The side wall 211 may be positioned on the base 213 and may surround at least a partial space on the base 213 to provide a space in which the light emitting device 100 is mounted. The space may correspond to the cavity 215. The side wall 211 may include internal lateral surfaces which include a first side wall 211a, a second side wall 211b, a third side wall 211c, and a fourth side wall 211d. The first through fourth side walls 211a, 211b, 211c, and 211d may have substantially the same length but the present disclosure is not limited thereto. According to various exemplary embodiments of the present disclosure, the length of the first and third side walls 211a and 211c may be greater than the length of the second and fourth side walls 211b and 211d. In addition, according to various exemplary embodiments of the present disclosure, when a planar form of the cavity 215 of the light emitting apparatus is a polygon, the number of internal lateral surfaces of the side wall 211 may be determined according to the number of sides of the polygon. Thus, the number of the internal lateral surfaces is not limited to four and other implementations are possible.
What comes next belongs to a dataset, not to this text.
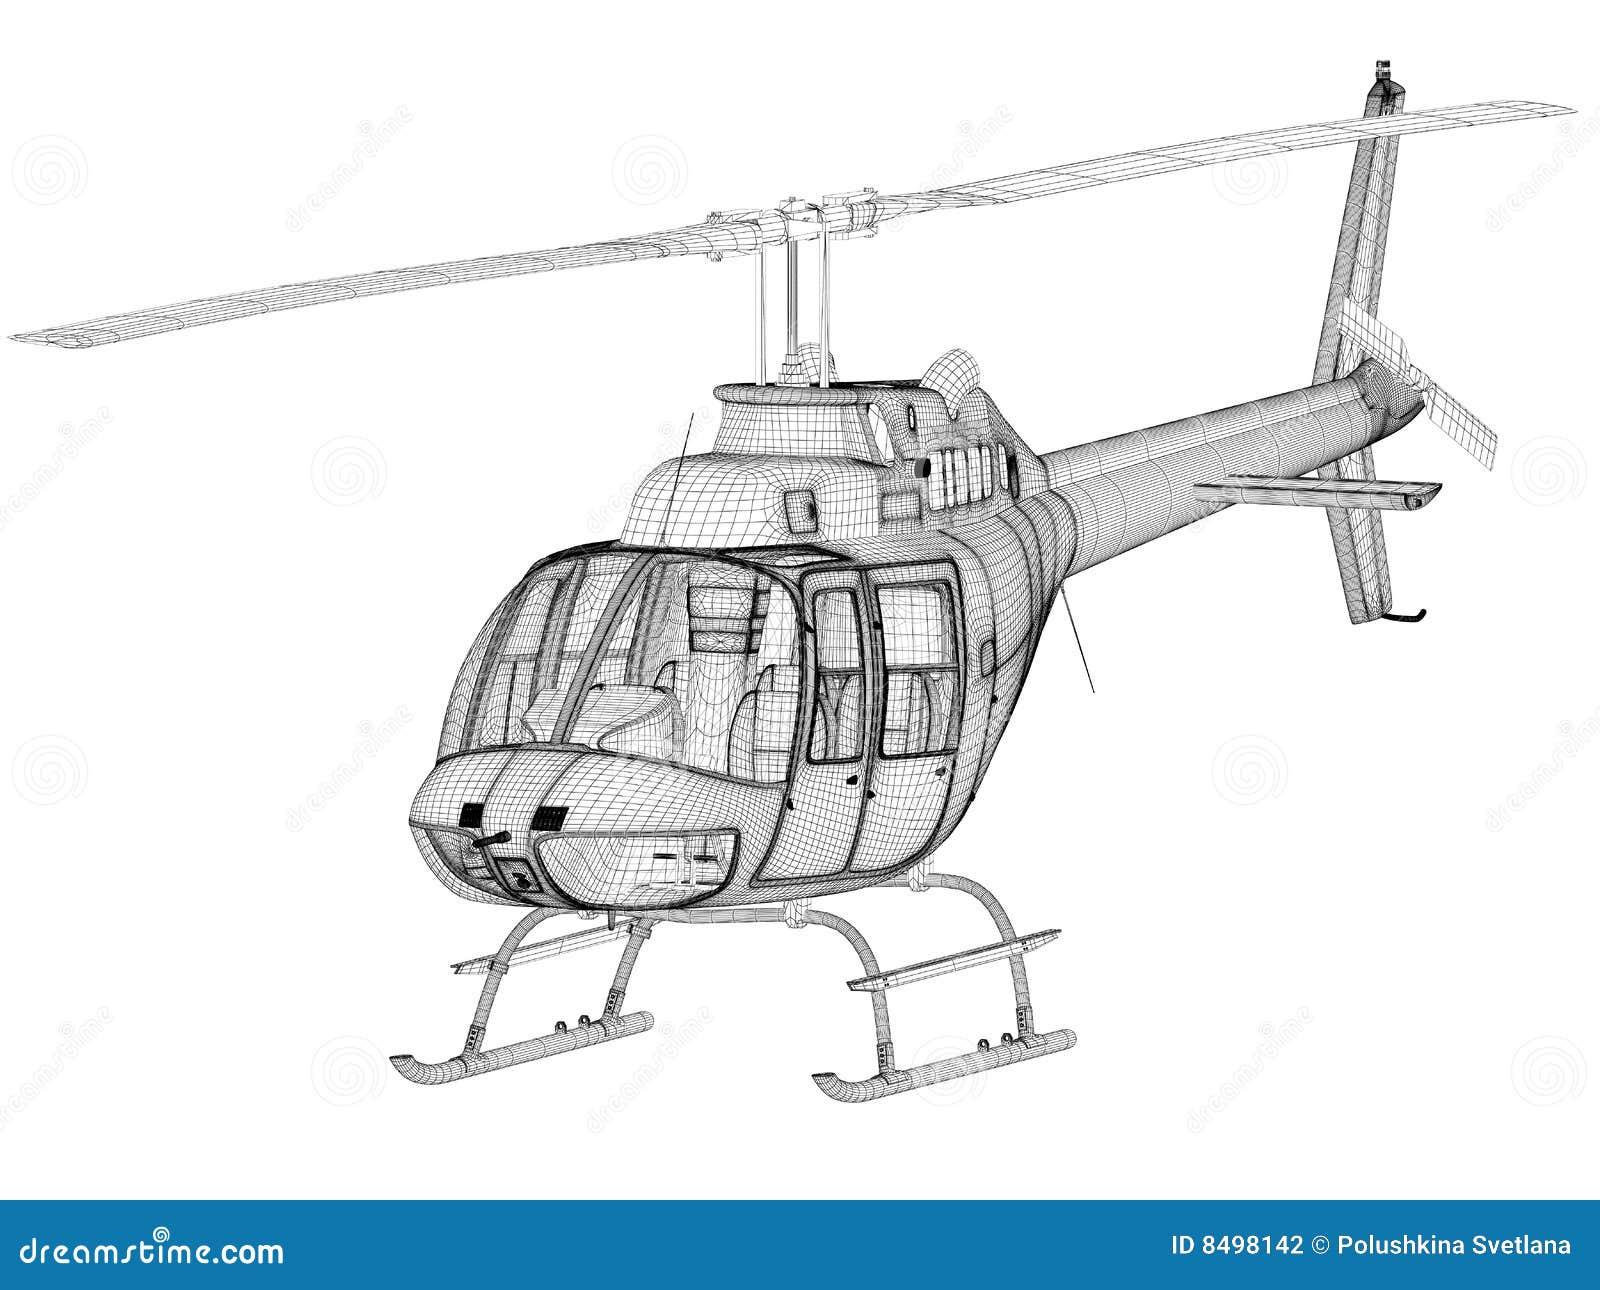 Elicottero 3d Model : Vista frontale di modello dell elicottero d illustrazione di

The first through fourth side walls 211a, 211b, 211c, and 211d may be inclined as illustrated in the drawings. Inclination of the first through fourth side walls 211a, 211b, 211c, and 211d may be adjusted in various ways in consideration of an orientation angle and others of the light emitting apparatus. Furthermore, the first through fourth side walls 211a, 211b, 211c, and 211d may include at least one of a flat surface, a concave surface, or a convex surface. The first through fourth side walls 211a, 211b, 211c, and 211d may be formed with different inclination degrees. For example, the first to fourth sidewalls 211a to 211d have inclination angles that correspond to tangent line inclinations depending on an upward direction from a lower portion and an upper portion of a vertical sectional view of the apparatus.
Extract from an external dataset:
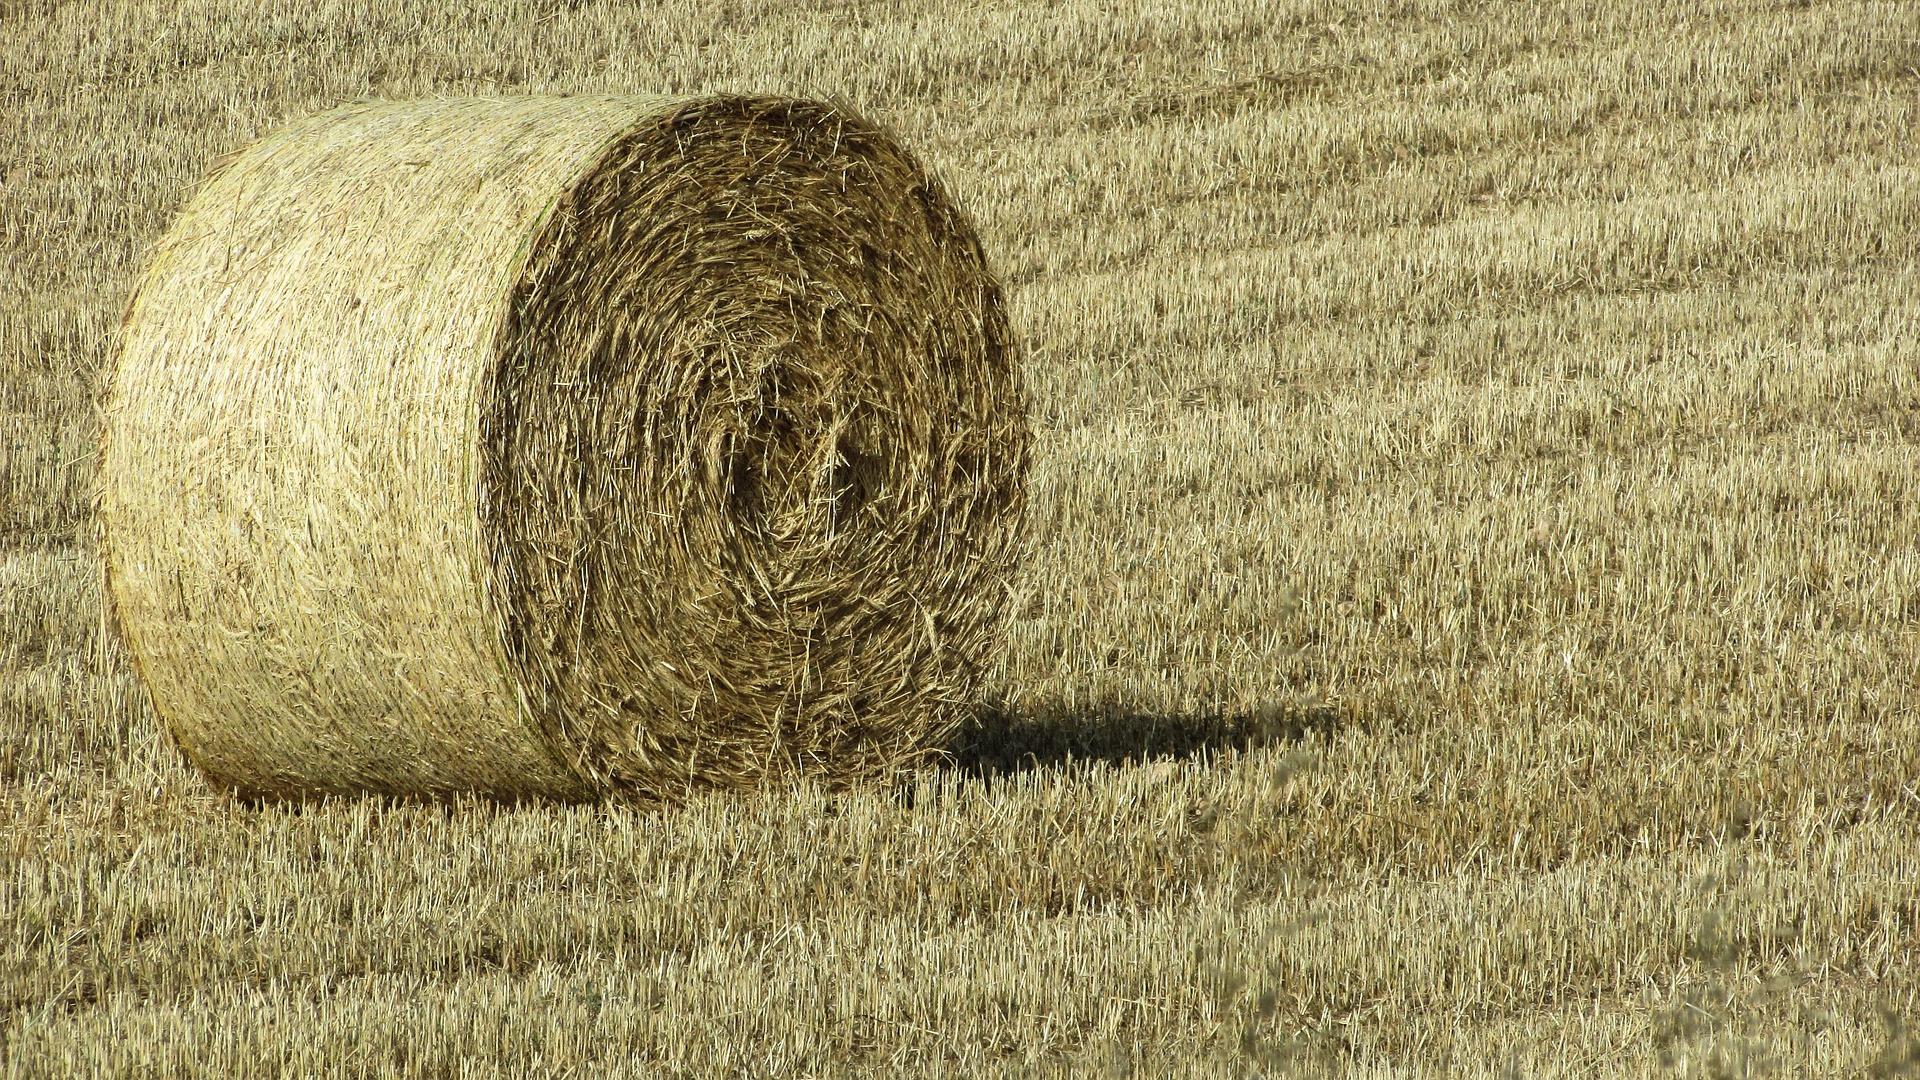 Recomendaciones para conseguir un buen forraje de hierba 1920

The base 213 and the side wall 211 of the body 210 may be formed of or include an insulating material, general plastic including polymer, acrylonitrile butadiene styrene (ABS), liquid crystalline polymer (LCP), polyimide (PA), polyphenylene sulfide (PPS), thermoplastic elastomer (TPE), or others, or ceramic. The base 213 and the side wall 211 may be formed of different materials or the same material. When the base 213 and the side wall 211 are formed of or include the same material, the base 213 and the side wall 211 may be integrally formed, as illustrated in the drawings. However, the present disclosure is not limited thereto. In some implementations, the base 213 and the side wall 211 may be formed of or include a metallic material and, in this case, to prevent electrical short circuit between the first and second lead frames 221 and 223, an insulating material may be further interposed between the lead frames 221 and 223 and the base 213 (and/or the side wall 211).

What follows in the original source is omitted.